11 Le Conseil estime que le recours est irrecevable dans la mesure où il vise l'annulation du règlement attaqué dans son ensemble. Il fait valoir que Gestetner ne peut être concernée directement et individuellement par les dispositions du règlement attaqué, qui imposent des droits antidumping spécifiques sur les importations de produits fabriqués par des entreprises exportatrices avec lesquelles elle n'a aucun lien. Selon le Conseil, les seules dispositions qui peuvent affecter Gestetner individuellement sont celles qui concernent les importations des produits fabriqués par Mita.
12 A cet égard, il y a lieu de rappeler que, selon la jurisprudence de la Cour, et notamment l'arrêt du 7 mai 1987, Nippon Seiko/Conseil, point 7 (258-84, Rec. p. 1923), un règlement imposant des droits antidumping différents à une série d'opérateurs économiques ne concerne individuellement l'un d'entre eux que par ses seules dispositions qui lui imposent un droit antidumping particulier et en fixent le montant, et non pas par celles qui imposent des droits antidumping à d'autres sociétés.

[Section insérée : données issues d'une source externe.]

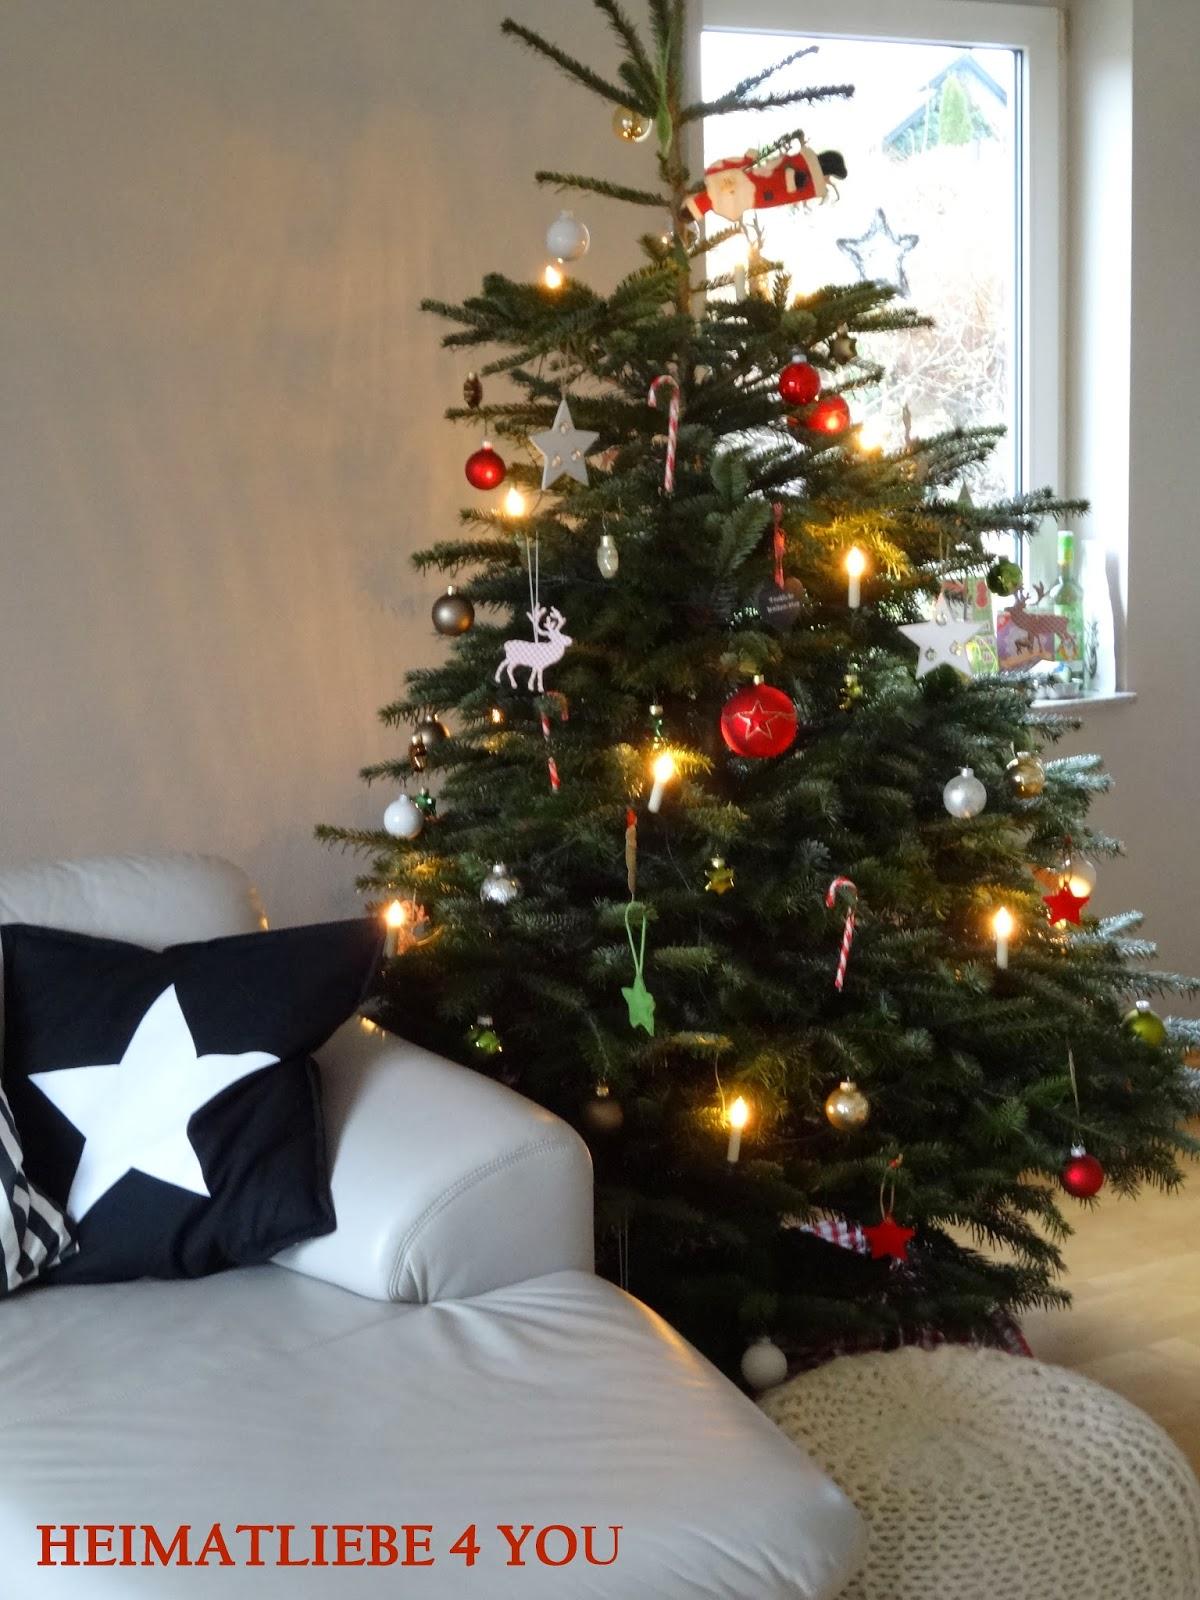 heimatliebe 4 you heim tannenbaum sucht ein zuhause. Black Bedroom Furniture Sets. Home Design Ideas

13 Il résulte de ce qui précède qu'il y a lieu de rejeter comme irrecevables les conclusions principales du recours tendant à l'annulation du règlement attaqué dans son ensemble.
14 En ce qui concerne les conclusions subsidiaires du recours tendant à l'annulation du règlement attaqué, dans la mesure où il frappe les PPC fabriqués par Mita d'un droit antidumping de 12,6 %, le Conseil soutient que Gestetner n'est pas directement et individuellement concernée par les dispositions correspondantes de ce règlement.
15 A cet égard, le Conseil fait valoir, en premier lieu, que Gestetner est un importateur indépendant de PPC fabriqués par Mita, dont le prix de revente n'a pas été pris en compte par les institutions pour établir le prix à l'exportation, seul cas où, selon la jurisprudence de la Cour, il y a lieu de reconnaître à l'importateur en question la qualité pour agir en annulation à l'encontre d'un règlement instituant des droits antidumping définitifs.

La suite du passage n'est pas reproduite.